# the picture on my monitor is shaking!!!!



## ktrain (Dec 3, 2009)

I have an LG flatron wide monitor. I was previously using it with a HP computer (and had no problems whatsoever) but have now upgraded to a new computer. 
Since we changed the tower the picture on my monitor randomly and frequently shakes, almost as though it is trying to self-adjust. Sometimes it also goes into 'power saving mode' for just a few seconds. 
We have replaced the cord, and it's in there good. 

Any ideas?? It is very hard to get any work done with this problem.

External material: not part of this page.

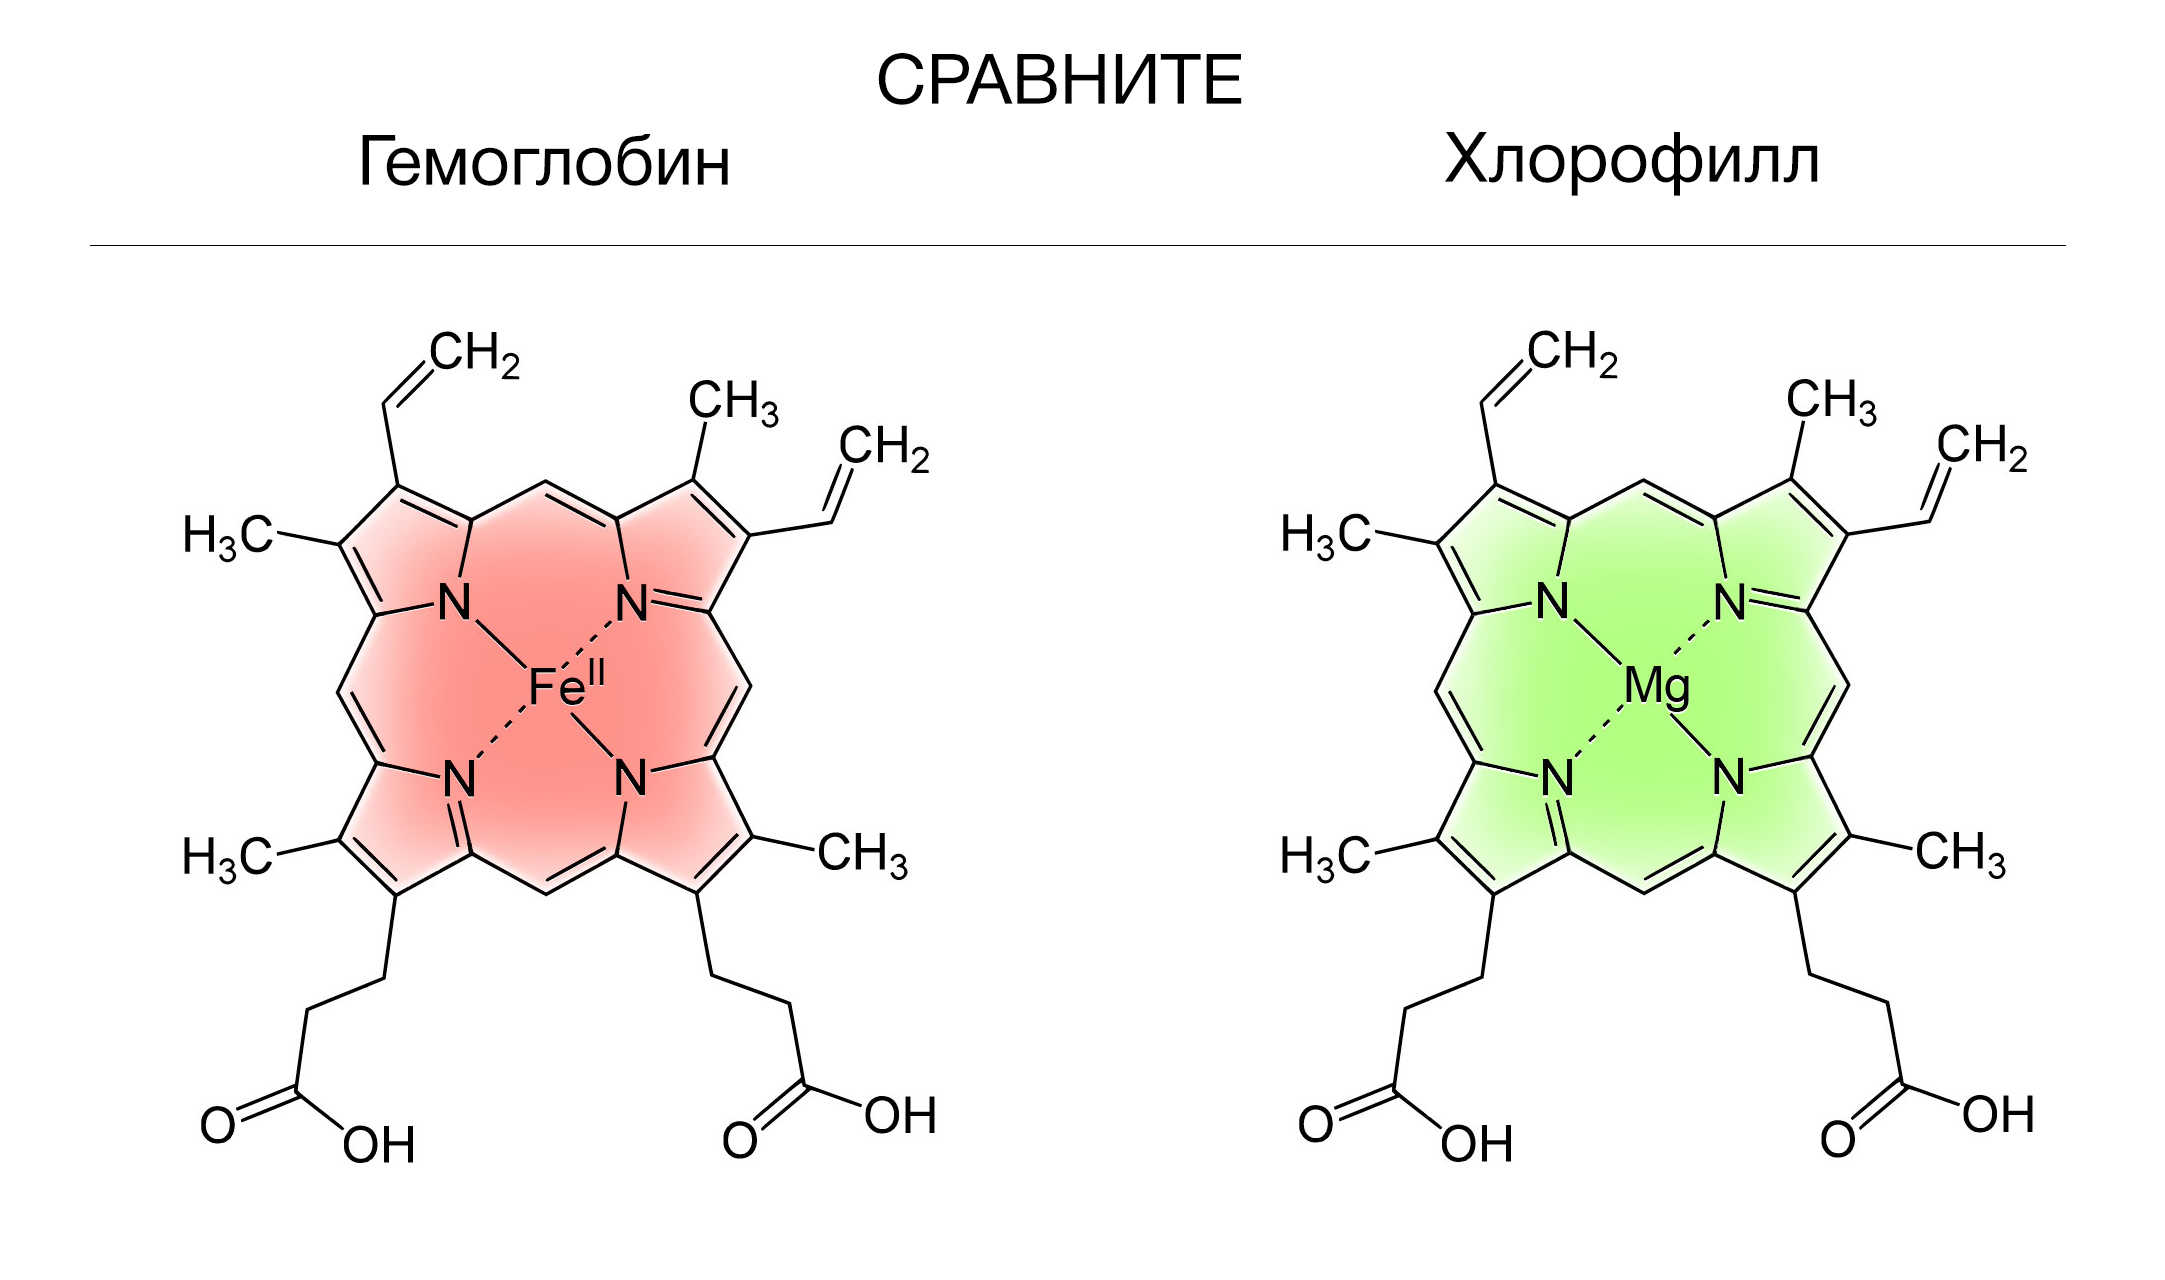 Купить в Молдове Бады - Хлорофилл жидкий НСП (Chlorophyll Liquid NSP) экстракт хлорофилла из люцерны на официальном сайте NSP Moldova.

Any input will be greatly appreciated.

Thanks in advance,

Kaitlin


----------



## Tosinv (Dec 1, 2009)

Please check the refresh rate the monitor is set to. You can do this by going to Display Properties. Also Please post your system specs Like Video Card, CPU. Power Supply et etc.......


----------



## Tyree (May 10, 2009)

Please post the PC Specs.
Pre-Built Brand & Model Number
Custom Built-Brand & Model of Mobo-CPU-RAM-Graphics-PSU.


----------



## ktrain (Dec 3, 2009)

My PC is a Gateway FX 6801, Graphics card is by Nvidia "GE force gtx 285". Power supply... it's plugged into the wall outlet, is that what you mean? I'm sorry I don't really know how to check these things.
It's a pretty monstorous computer, it was made for gaming.
intel core 17cpu [email protected] Ghz
ram 12 gb, 64 bit operating system on windows vista (windows 7 is being shipped..soon i hope!)
60 hz refresh rate 

Kaitlin


----------



## Tosinv (Dec 1, 2009)

i would say with that type of Configuration you should be having a good power supply. Slide the door of the system and check which Power supply you got. There should be a sticker mentioning everything for the PSU......

Thanks


----------



## ktrain (Dec 3, 2009)

The only thing in that sliding door is an empty space for additional drives. The only stickers on my computer say (Windows vista, nvida graffics, intel Core; all logos only) A gateway sticker with an overview of the PC (overview of operating system, video specs, optical drive, processor, memory, hard drive, and compatible memory cards) then the windows sticker that has the certificate of authenticity and serial number, Then a green Gateway sticker that says: model FX6801 rating 100-120/220-240VAC,10/5.5A (10/5,5A),60/50HZ. Is there anyway to look it up on my computer what the power supply is?

Kaitlin


----------



## dai (Jul 2, 2004)

you need to be up here

http://www.newegg.com/Product/Produ...er+Supplies-_-Corsair+Memory++Inc.-_-17139009


----------